Harris is no lone dissenter. A group of major U.S. historians, including Texas State University professor emerita Victoria Bynum, Princeton’s James McPherson, Brown University historian Gordon Wood, CUNY’s James Oakes, and Sean Wilentz of Princeton, wrote a letter calling out the Times for its extremist rewrite of American history.
Meanwhile, the 1619 Project also spurred a group of African-American intellectuals, journalists and activists to create their own alternate 1776 initiative in response. They worry that America’s true legacy as a place of hope and freedom – despite its many well-documented shortcomings – is being erased by the Times’ false, extremist tale. We highly recommend you visit the 1776 site.
It turns out, rather than a bold and insightful reworking of U.S. history, the 1619 Project was little more than an effort to rewrite history to fit the pernicious and mistaken progressive belief that America is steeped in racism, hatred and capitalist oppression, and has been since before its actual founding.
To the progressive left, which now dominates both the major U.S. media and the Democratic Party, America isn’t the land of the free, but the home of racial, economic and class victimhood. America, the beacon of freedom that attracted tens of millions of impoverished immigrants from around the world, doesn’t really exist except as a xenophobic, racist and hyper-capitalist playground for white Americans – and is hell for everyone else.
As such, the 1619 Project isn’t really an education project at all. Indeed, it has one main goal: to further split Americans along race, class, gender and other lines, part of the left media’s divide-and-conquer strategy. Make Americans believe they’re all victims, and no one will agree on anything. “You owe me” becomes the universal mantra.

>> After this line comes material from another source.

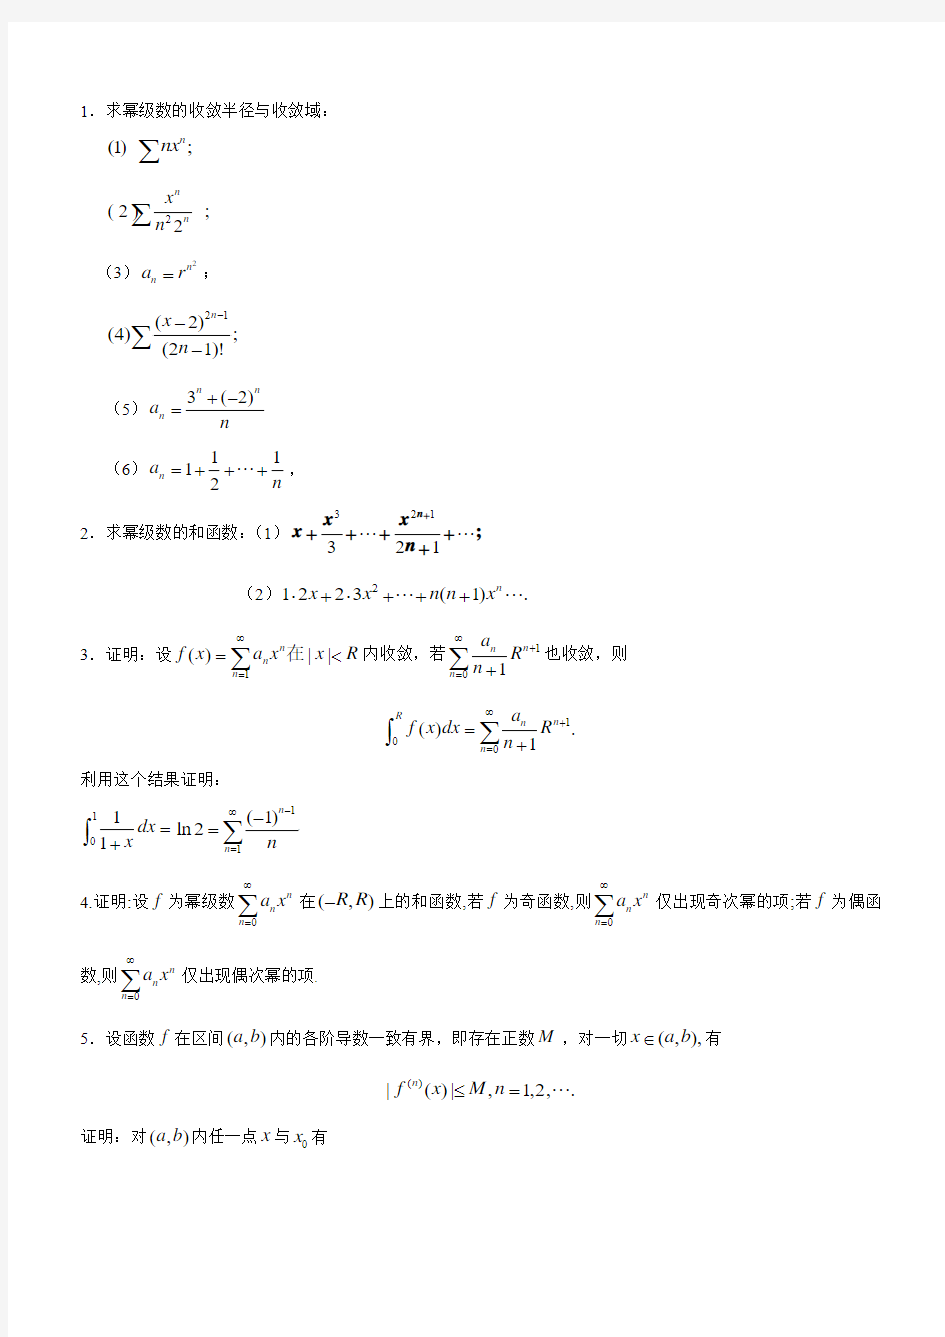 数学分析课本(华师大三版)-习题及答案数学分析课本(华师大三版)-习题及答案14

Children who have this biased bilge shoved down their throats in school, sadly will never learn the complex, true history of America and its foundations in Enlightenment ideals and natural law. Instead, they’ll be turned into self-loathing, America-despising tools of the progressive left, cursing the very things that have made, and continue to make, America great. This is little more than intellectual child abuse.
Given the falsity of its narrative, and its substitution of ideology for fact, the Times doesn’t deserve a Pulitzer for its misbegotten rewrite of history. Rather, it deserves to be singled out as yet another Orwellian example of the biased, leftist media throwing America’s real history down the memory hole.